Soumyadeep Roy
Address:
Complex Networks Research Lab, Dept. of CSE,
Indian Institute of Technology Kharagpur,
West Bengal, India - 721302
Curriculum VitaeI am an Institute Ph.D. Research Fellow in the Department of Computer Science and Engineering at IIT Kharagpur, supervised by Prof. Niloy Ganguly and Prof. Shamik Sural. I submitted my Ph.D thesis titled “Domain Adaptation for Medical Language Understanding” on October 2024.
Currently, I am doing a research internship at the Health Innovation and Technology Centre of GE Healthcare India. I am looking for research scientist and postdoc positions in Foundation Models and Generative AI for medicine.

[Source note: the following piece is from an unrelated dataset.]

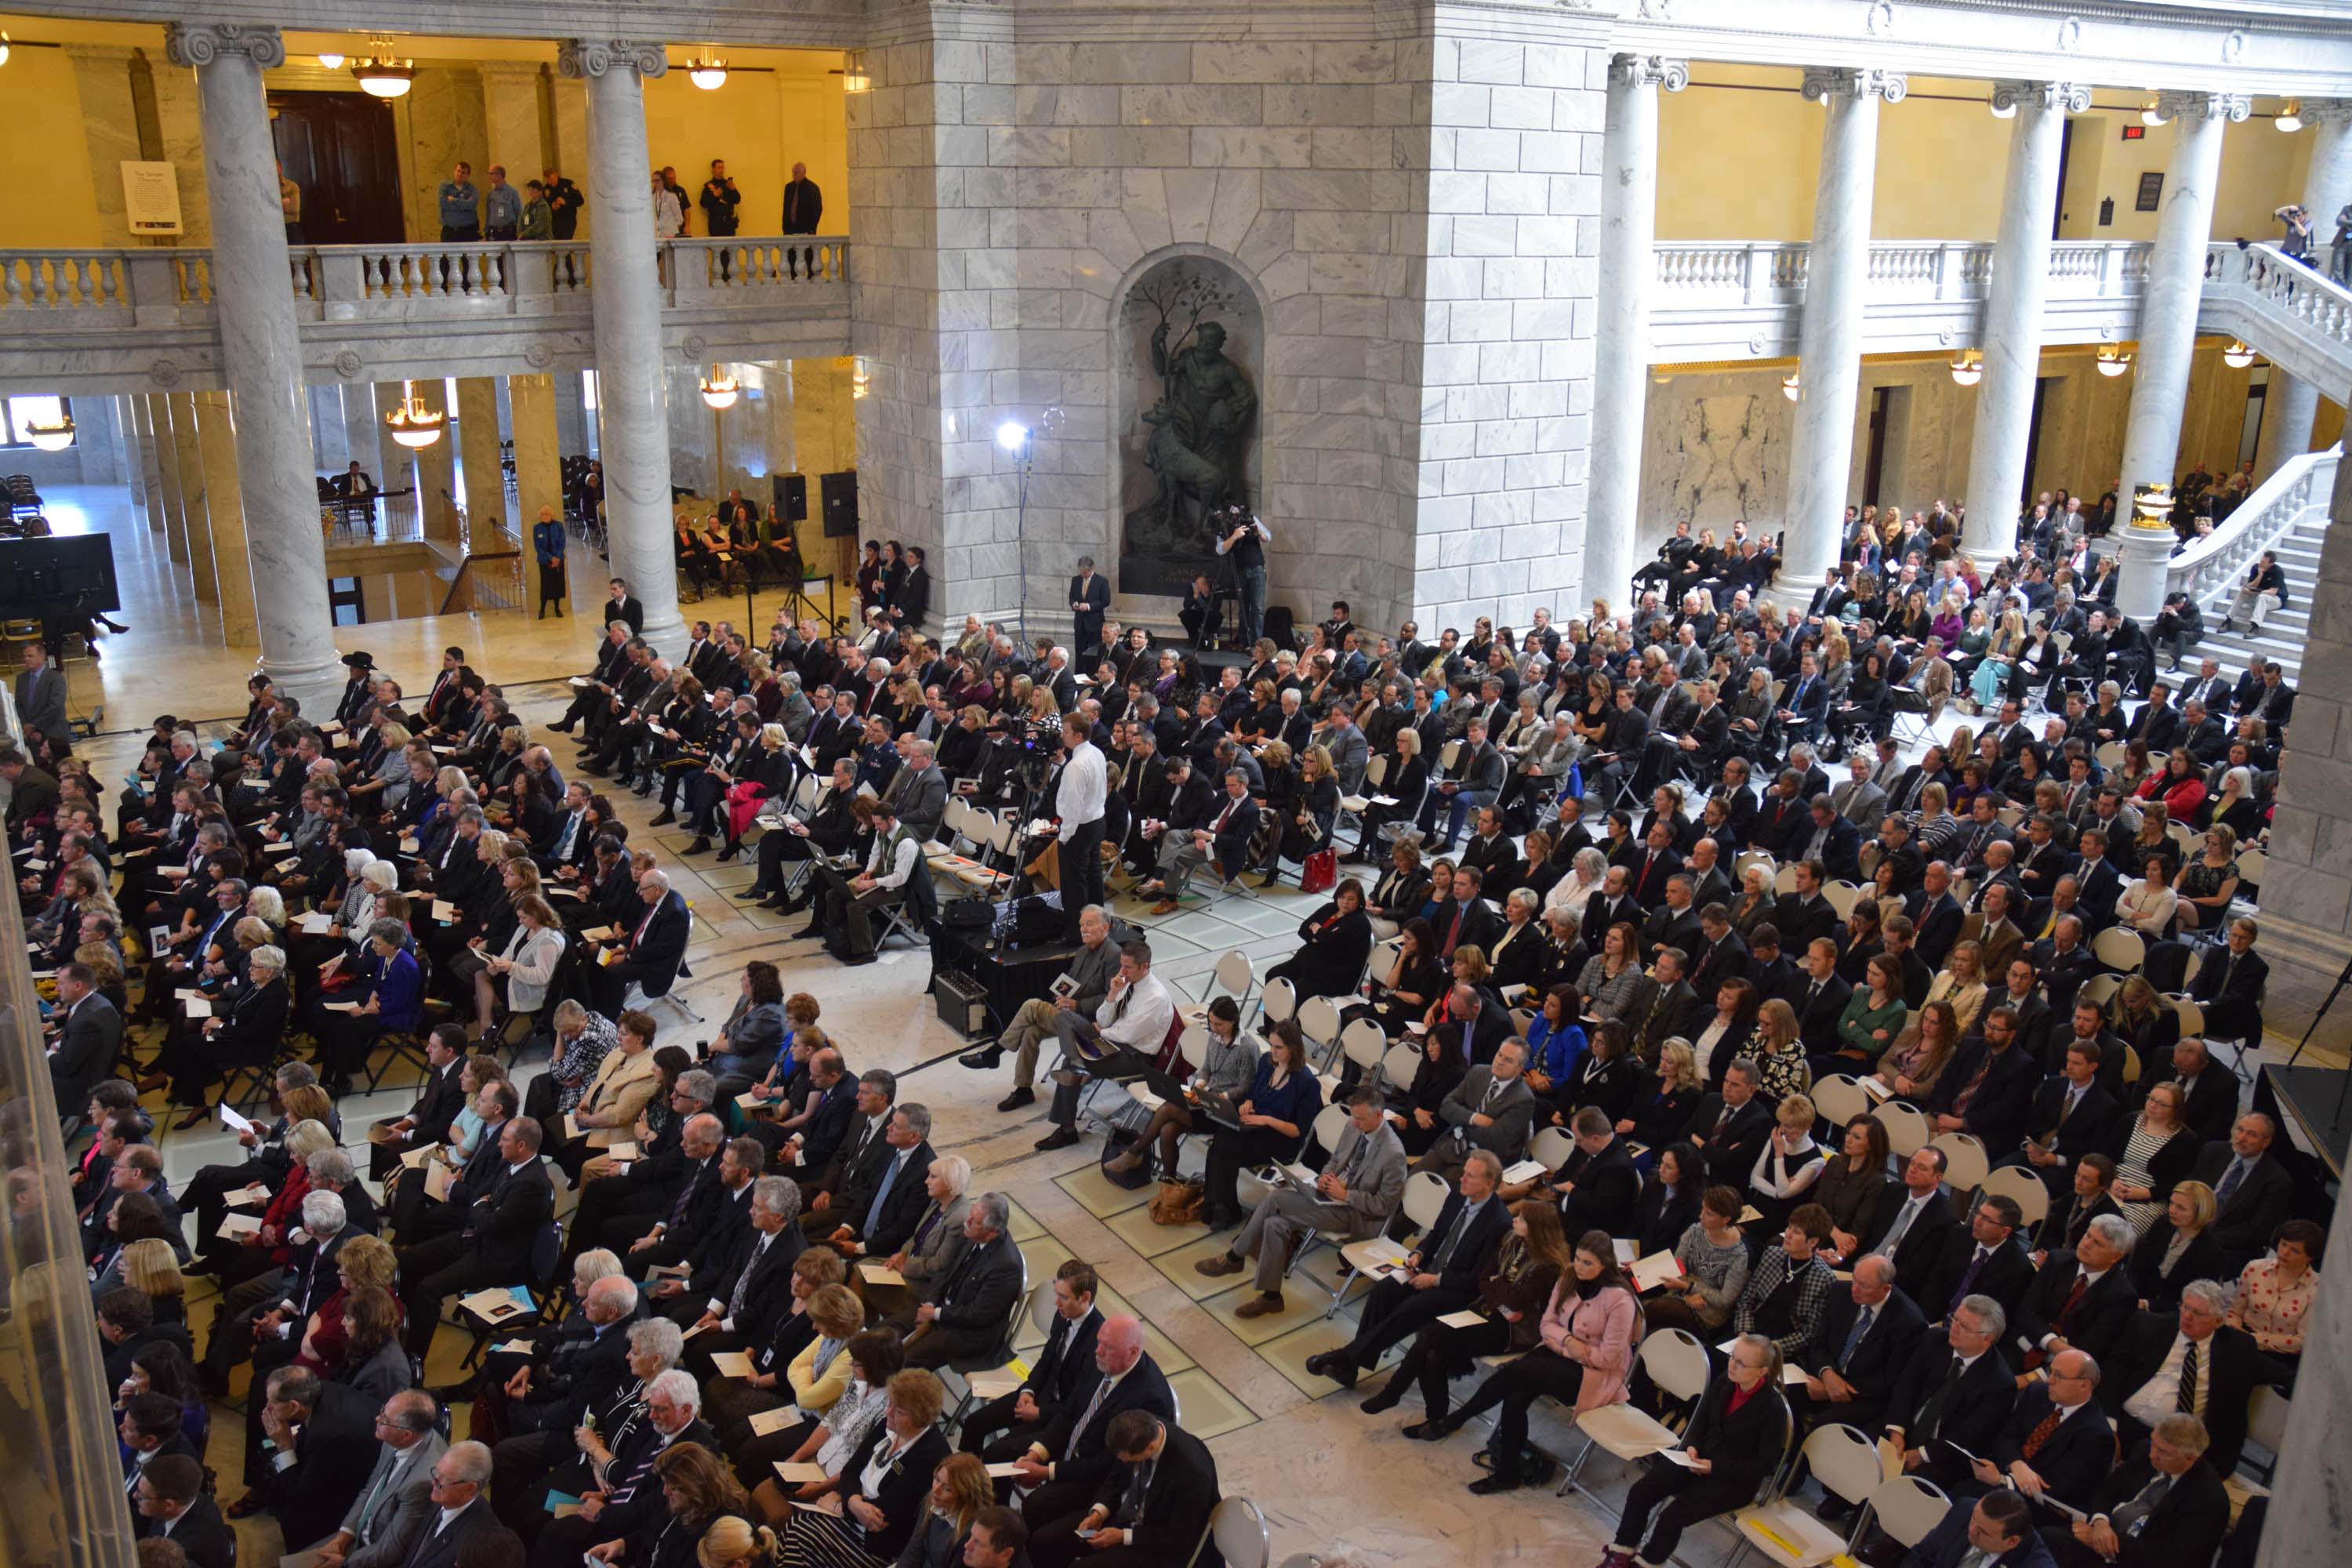 About 1,500 people attended the memorial service for former Utah House Speaker Becky Lockhart.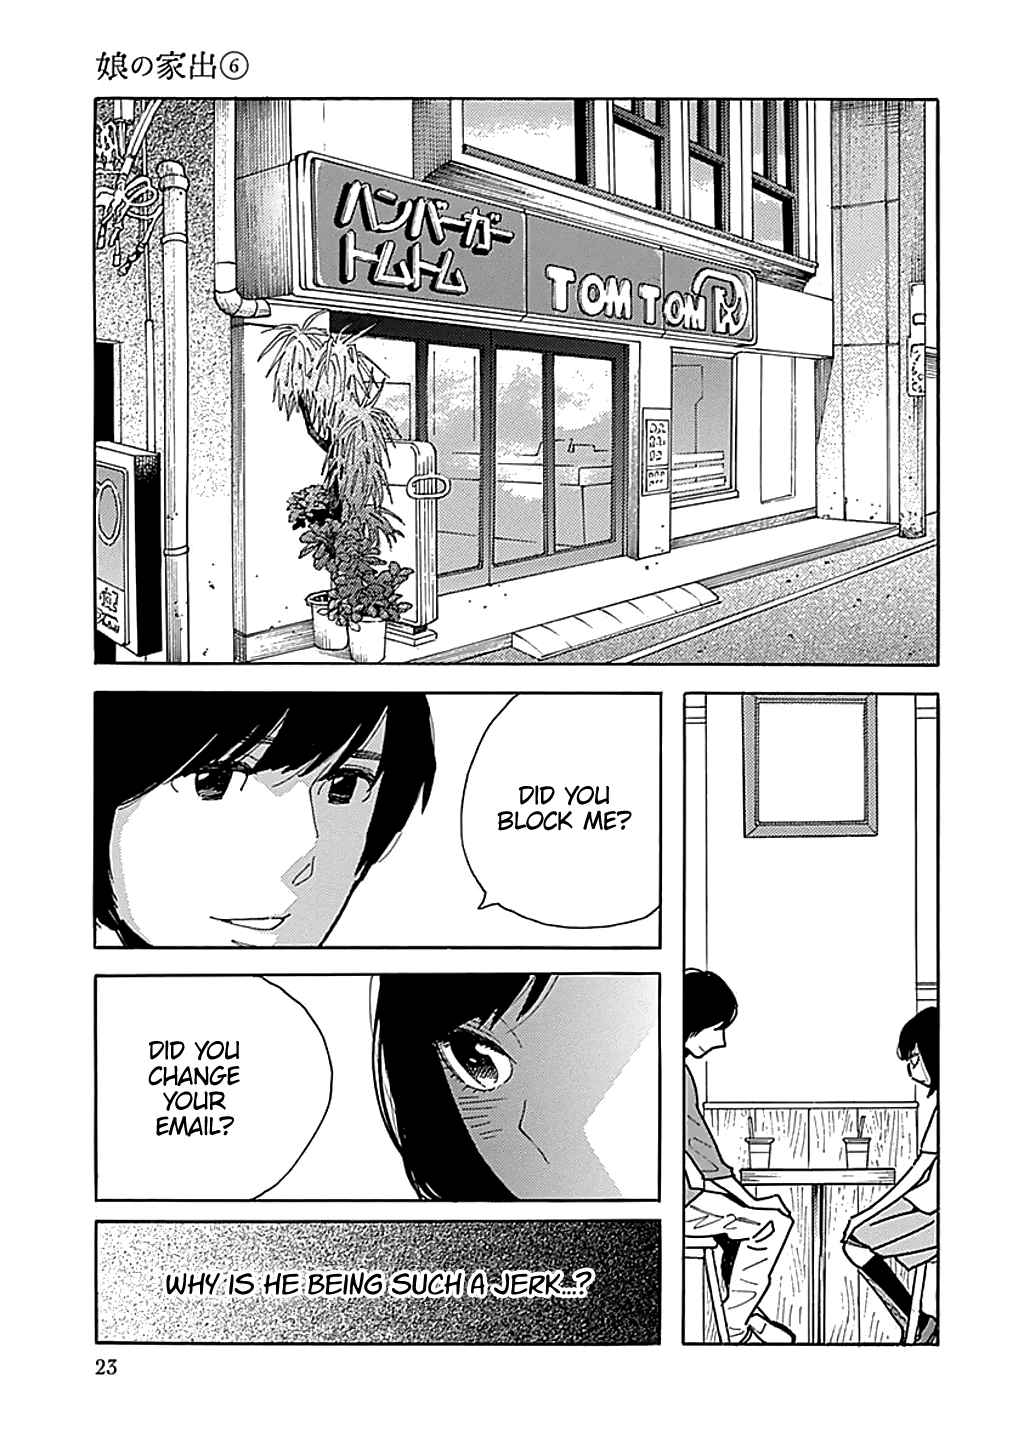 Musume no Iede Vol. 6 Ch. 31 Listening to Olivia

Research Interests: I have expertise in developing foundational models for medical applications, ranging from NLP (text) models to DNA and sc-RNA-based biological foundational models. For NLP, I work on develop efficient domain adaptation techniques for adapting open-domain generative AI model for medical tasks. Specifically, optimizing the model vocabulary during finetuning (vocabulary adaptation).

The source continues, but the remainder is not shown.